[EXERCISE MATERIAL — start]

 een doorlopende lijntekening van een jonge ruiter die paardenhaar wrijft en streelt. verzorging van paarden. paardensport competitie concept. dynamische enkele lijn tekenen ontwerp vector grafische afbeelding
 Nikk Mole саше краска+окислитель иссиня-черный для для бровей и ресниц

[EXERCISE MATERIAL — finish]
[EXERCISE MATERIAL — start]

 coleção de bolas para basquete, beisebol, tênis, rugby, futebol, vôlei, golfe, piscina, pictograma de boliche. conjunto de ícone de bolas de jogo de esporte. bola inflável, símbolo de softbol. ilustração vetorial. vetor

[EXERCISE MATERIAL — finish]
[EXERCISE MATERIAL — start]

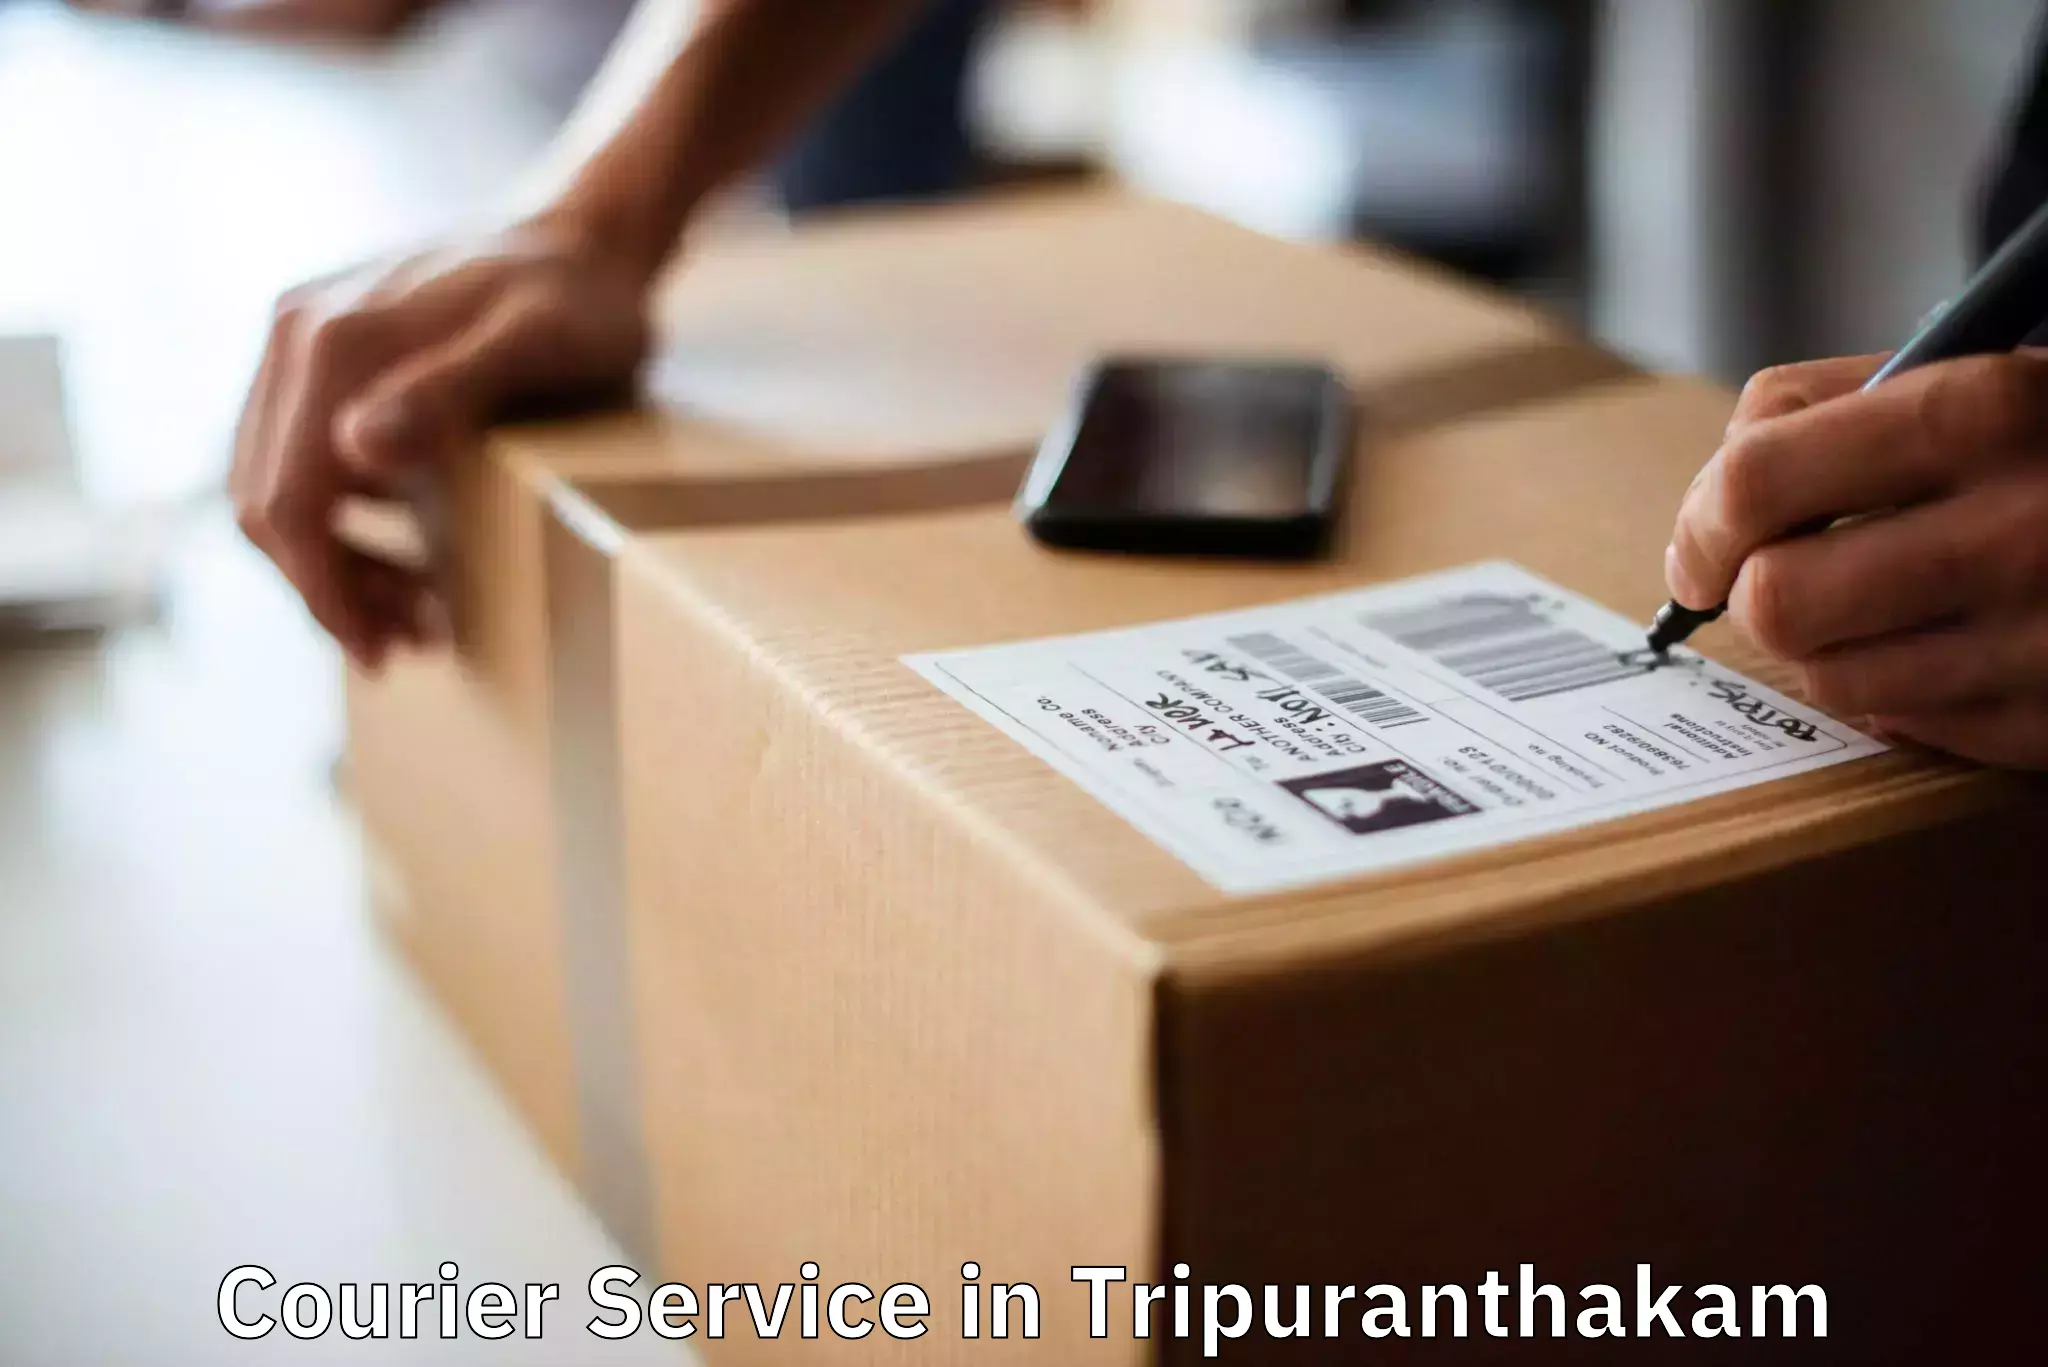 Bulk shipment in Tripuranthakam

[EXERCISE MATERIAL — finish]

→ **DIRECTIONS FOR THIS TASK**
Only the lines above starting at the one containing "een doorlopende lijntekening" and ending at the one containing "Nikk Mole саше", both included, are to be returned, exactly as they read.

→ **TASK ANSWER**
 een doorlopende lijntekening van een jonge ruiter die paardenhaar wrijft en streelt. verzorging van paarden. paardensport competitie concept. dynamische enkele lijn tekenen ontwerp vector grafische afbeelding
 Nikk Mole саше краска+окислитель иссиня-черный для для бровей и ресниц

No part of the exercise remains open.